The company’s total cost of goods sold for the year increased by 8.8%, from $368.2 million to $400.5 million. The company stated the $32.3 million increase was primarily due to the aforementioned price increases in the instant ticketing area.

“Our instant ticketing client agreements are primarily long-term fixed price contracts,” said John Pollard. “Therefore, in the short term, we are unable to pass on these significant cost increases, and our instant ticketing margins have experienced a very negative decline.

“These input cost increases have been ongoing throughout the year, leading to a negative impact on profits that has intensified over time.”

Although Pollard Lottery Corporation has not faced any extra price hikes in this field so far this year, the business cautions that this does not necessarily imply prices will not increase.

The company stated, “The substantial price increases that occurred in 2022 were implemented gradually throughout the year, with most of the higher costs being absorbed by the end of 2022.” “On a yearly basis, our production expenses will be greater in 2023, reflecting these continued higher cost levels throughout the year.”

Looking ahead

According to the company’s statement, it sees “substantial opportunities” in the iLottery market, both in the short and long term.
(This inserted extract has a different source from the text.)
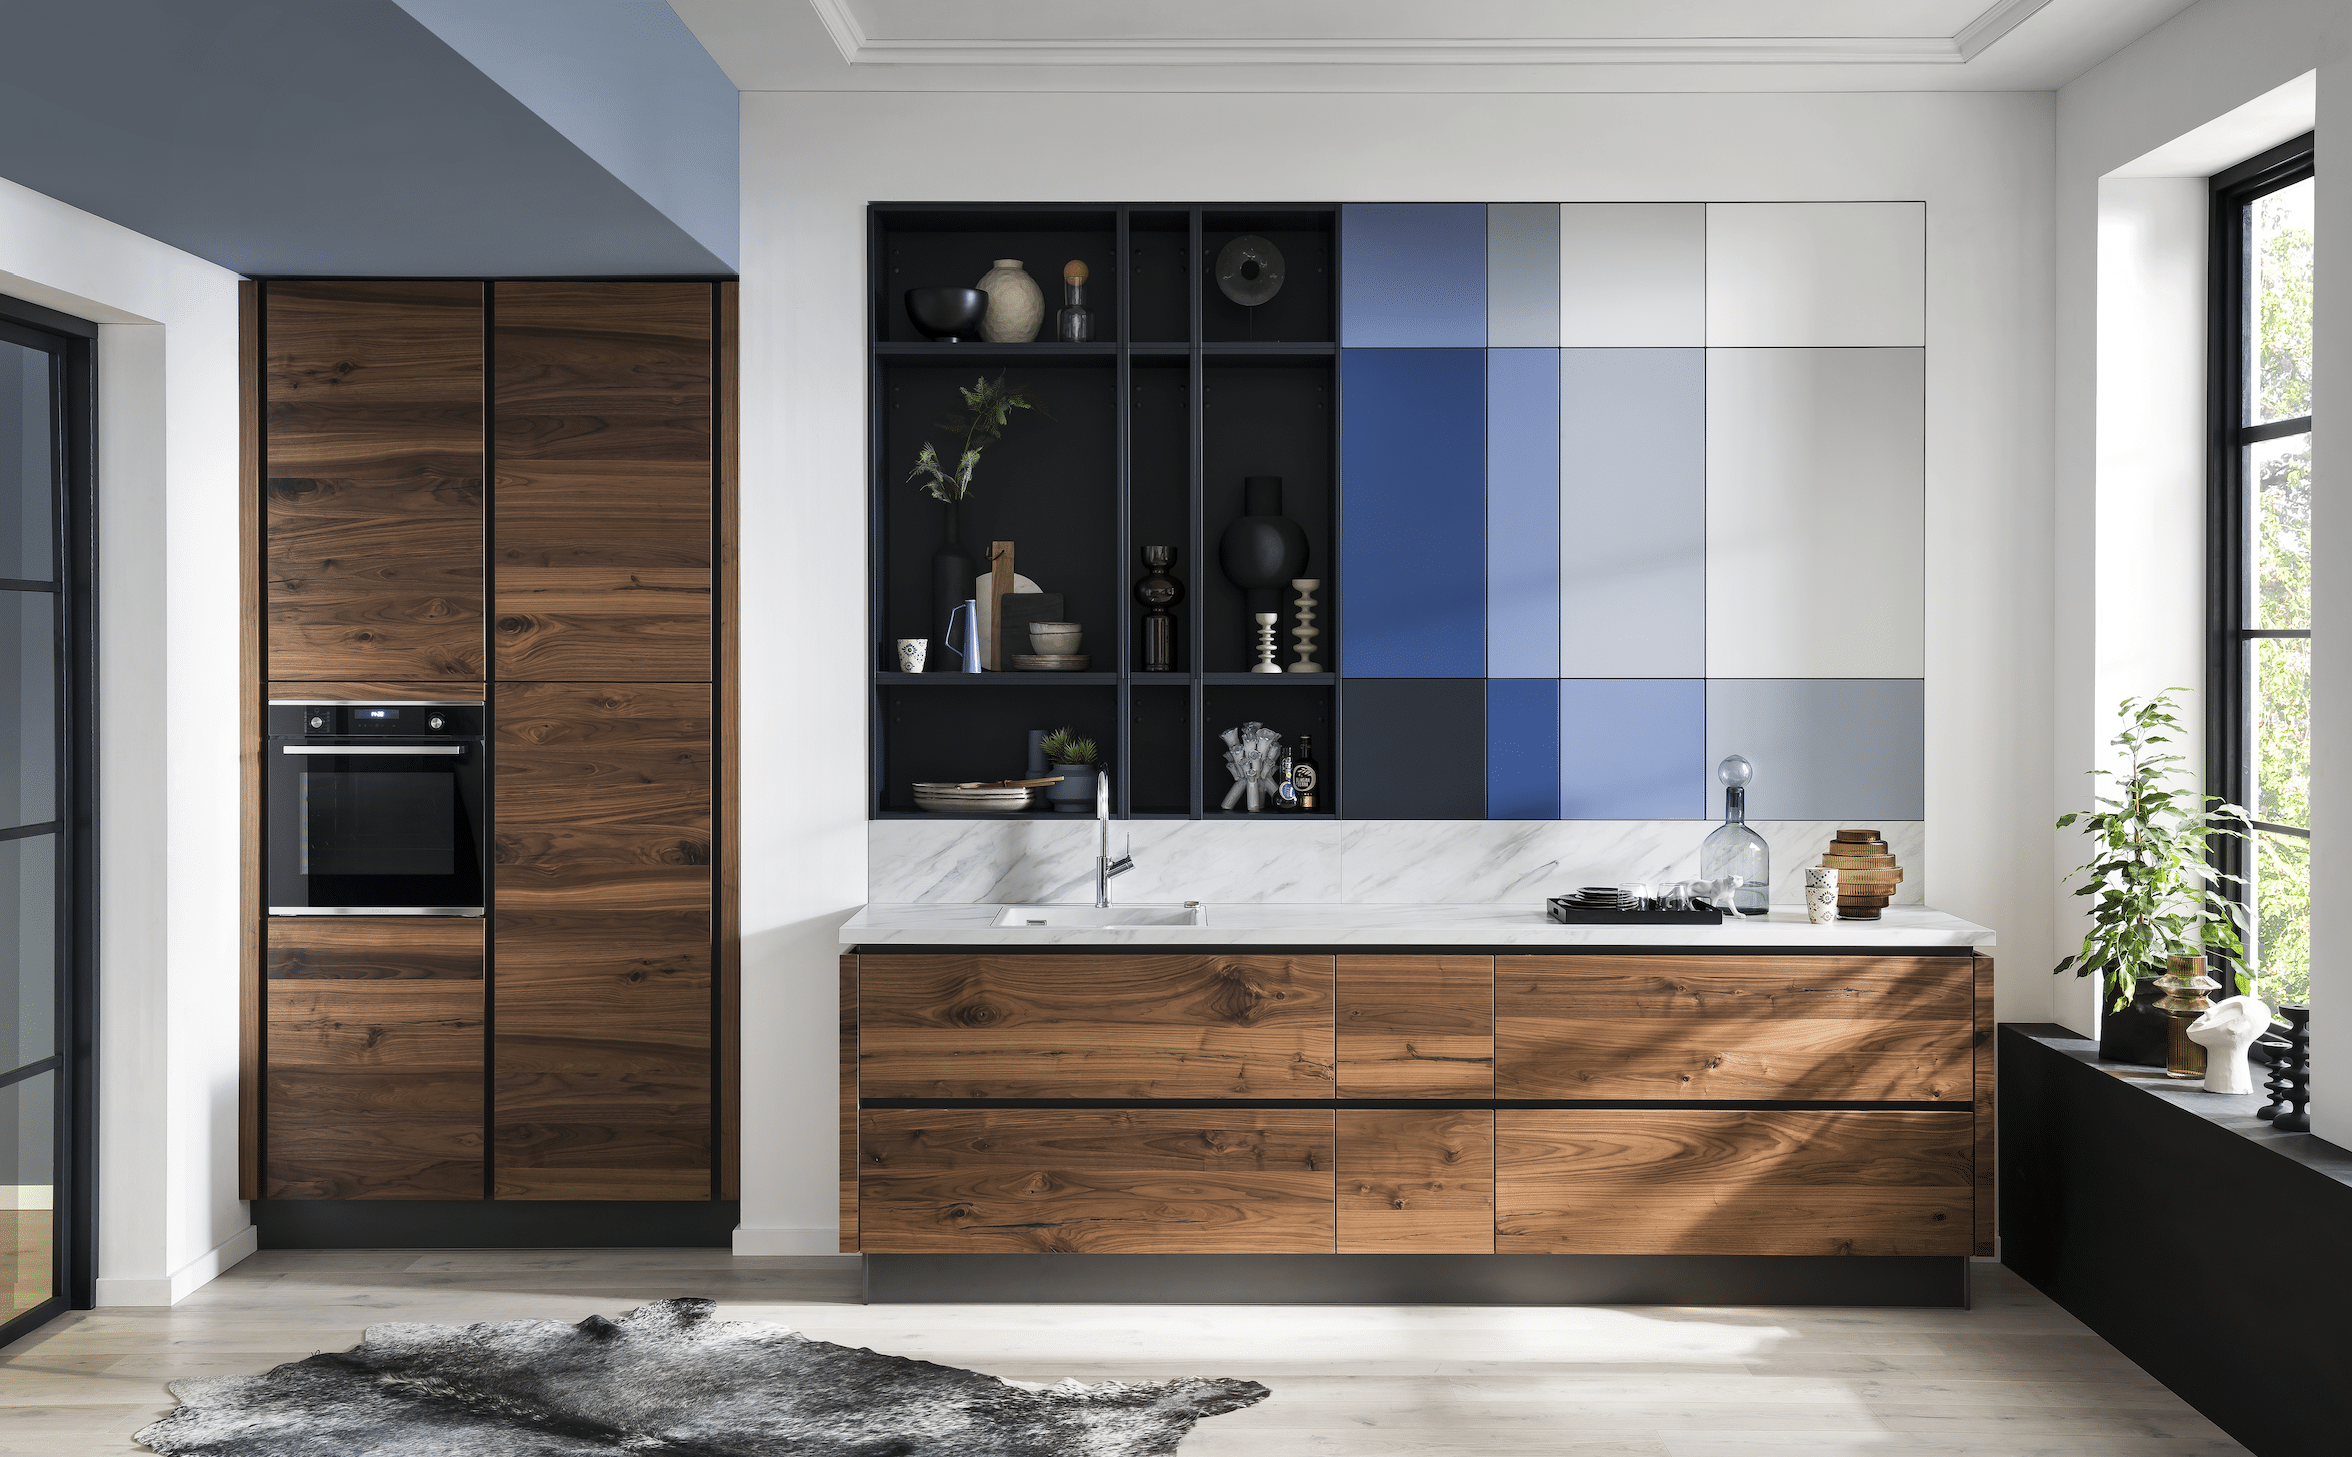 BÖHM MÖBEL zeigt eine Häcker Küche aus Holz, weißen Arbeitsplatten mit Marmorierung, blauen Elementen in der Wand und einem Barhocker.

Pollard Lottery Corporation participates in serving this segment through its subsidiary NeoPollard, a joint venture with NeoGames.

Through this joint venture, the company has been involved in providing iLottery games since 2014, when it first secured a contract with the Michigan Lottery.

The company stated that while growth in US iLottery has been a gradual process, it believes that “with our recent substantial investments in cutting-edge iLottery platforms and game content libraries, we believe Pollard is well-positioned to take advantage of these opportunities.”